Frankfurt a. M. - Altstadt - Dom-Römer-Areal

  • Ein Grund sich zurückzulehnen ist das aber bei weitem noch nicht. Die Rekonstruktion etlicher nicht minder wichtiger Gebäude (Flechte, Schildknecht, die Nachbarhäuser vom Roten Haus,...) ist damit immer noch nur im Bereich des Möglichen.
    Überhaupt, was beim Roten Haus (originaler oder "neuer" Tuchgaden, Metzgerhöfchen) und mit dem Archäologischen Garten passieren wird, da weiß man immer noch nichts.
    Und wenn jemand wie der Duchscherer dann ne Parzelle auf dem Gebiet bekommt dann Gute Nacht. Dem seine beiden Architektenentwürfe kommen dann überspitzt formuliert von Jourdan und Franzke...

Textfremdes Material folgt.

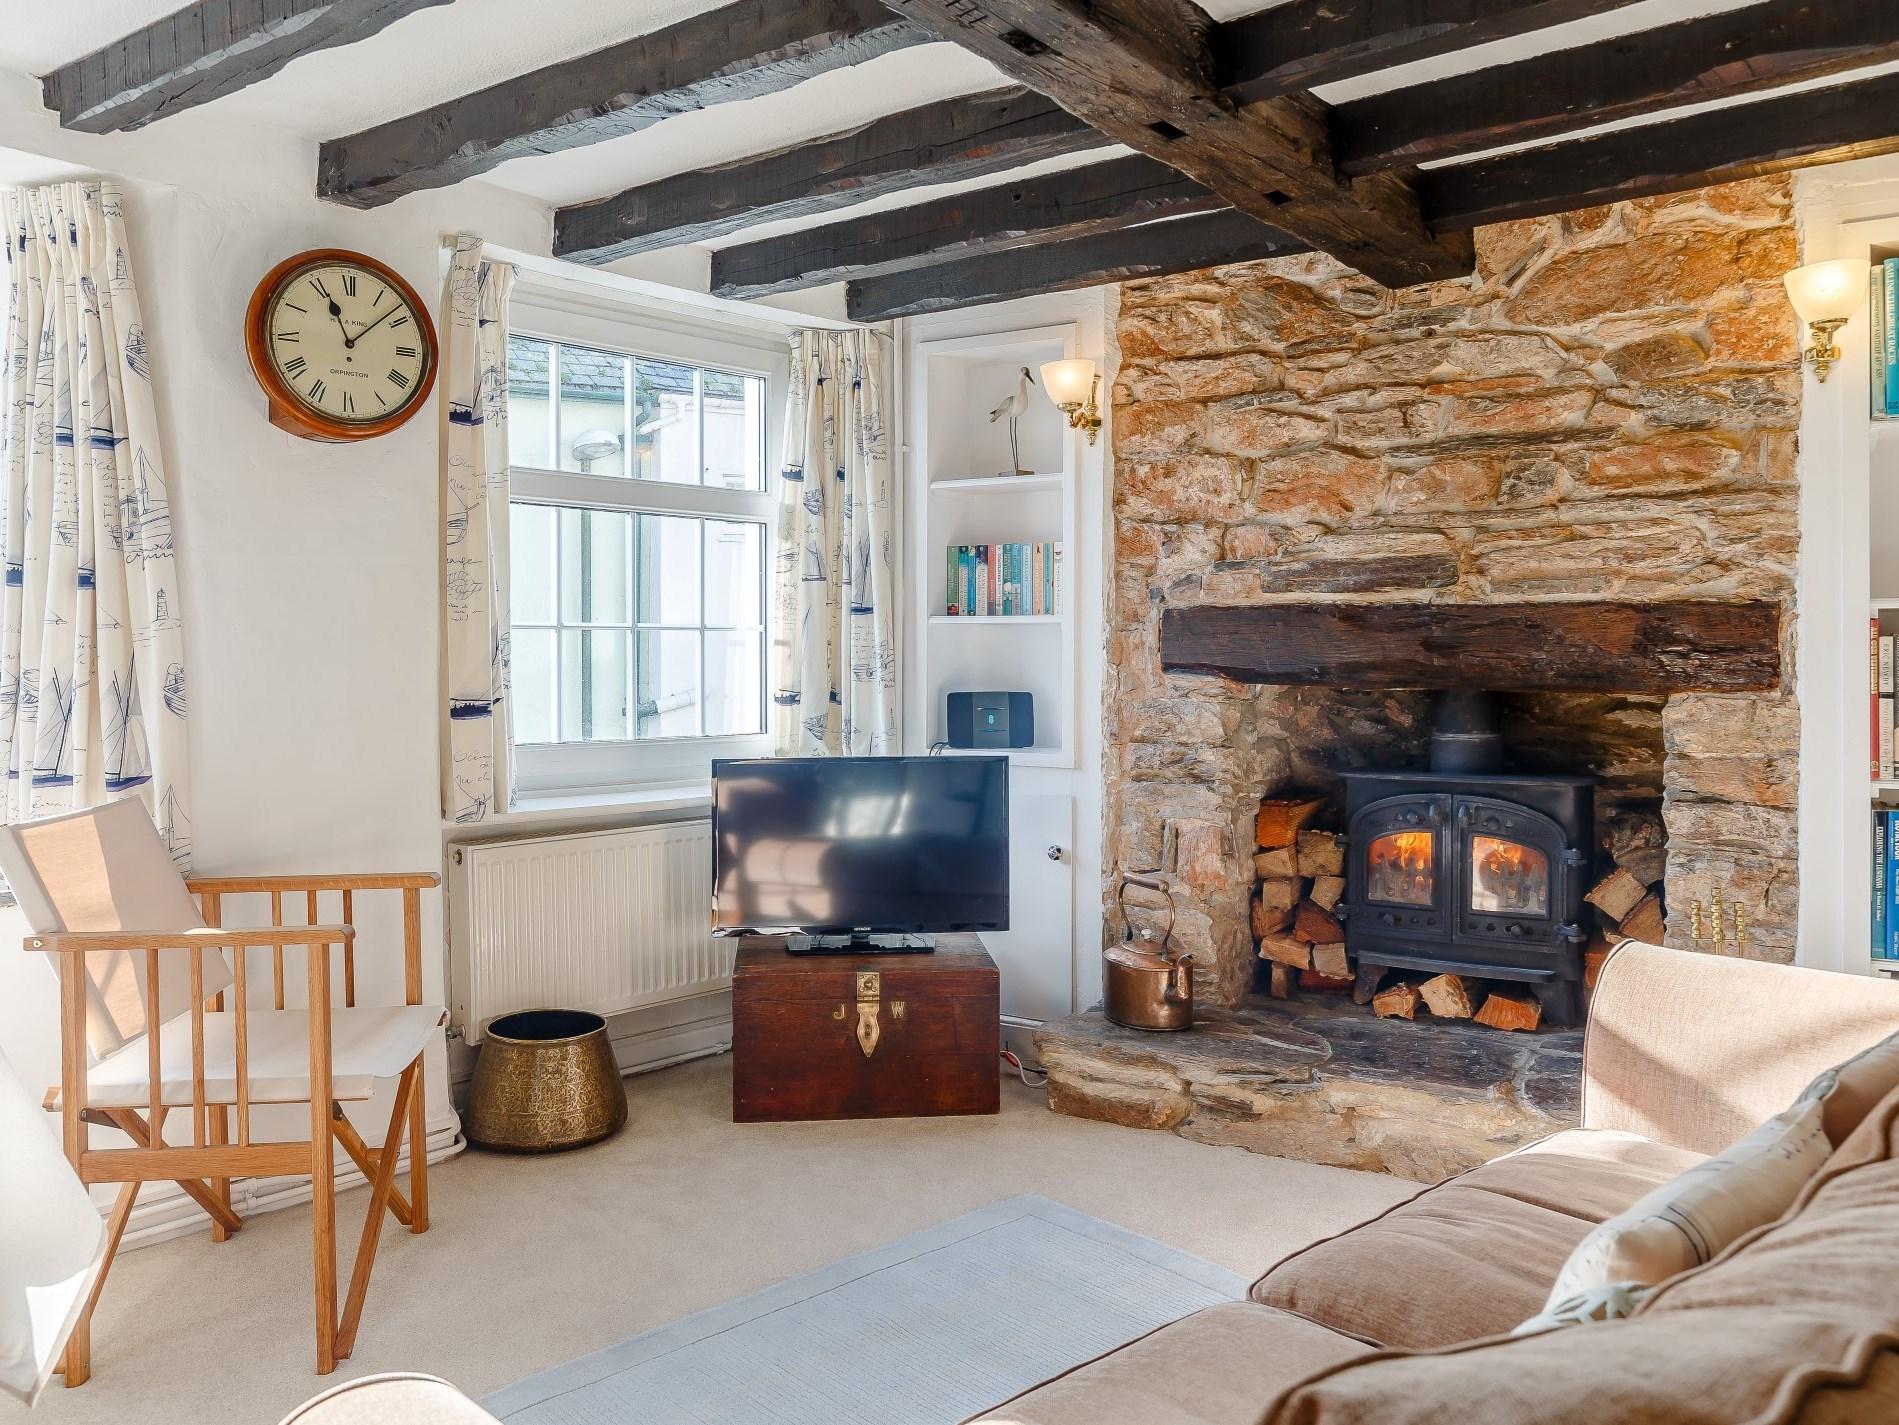 2 Bedroom Cottage in Brixham, Devon

    Also, ja nicht nachlassen

  • Zitat von "Rohne"

    Und wenn jemand wie der Duchscherer dann ne Parzelle auf dem Gebiet bekommt dann Gute Nacht. Dem seine beiden Architektenentwürfe kommen dann überspitzt formuliert von Jourdan und Franzke...

    Ich weiß zwar nicht, wer Duchscherer ist, aber wenn jemand zwei Modernisten nimmt, die in ein enges Gestaltungssatzungs-Korsett eingeschnürt sind, dann können die auch keinen allzu großen Schaden mehr anrichten. Da wird dann zwar keine Reko dabei sein, aber man sieht ja schon am Haus am Dom, wie zahm Jochem Jourdan unter Zwang werden kann. das Ding ist zwar insgesamt immer noch mißlungen, aber das steile, schiefergedeckte Satteldach ist in Ordnung. Wenn man gesehen hat, was der Mann ursprünglich entworfen hatte. Und selbst sein Entwurf für das historische Museum war von den mir bekannten noch der erträglichste. Es kommt eben auf eine wirklich strenge Gestaltungssatzung an, der sich auch kein Archi durch Mauscheleien entziehen kann wie Behnisch am Pariser Platz in Berlin - dann können selbst solche Stadtzerstörer wie JJ unschädlich gemacht werden.

    Wenn nun all die angeblich bereitstehenden Interessenten hervorkommen, die auf ihrem Grundstück eine Reko bauen wollen, dann dürfte zumindest ein ähnlich hoher Reko-Anteil wie am Neumarkt DD realistisch sein.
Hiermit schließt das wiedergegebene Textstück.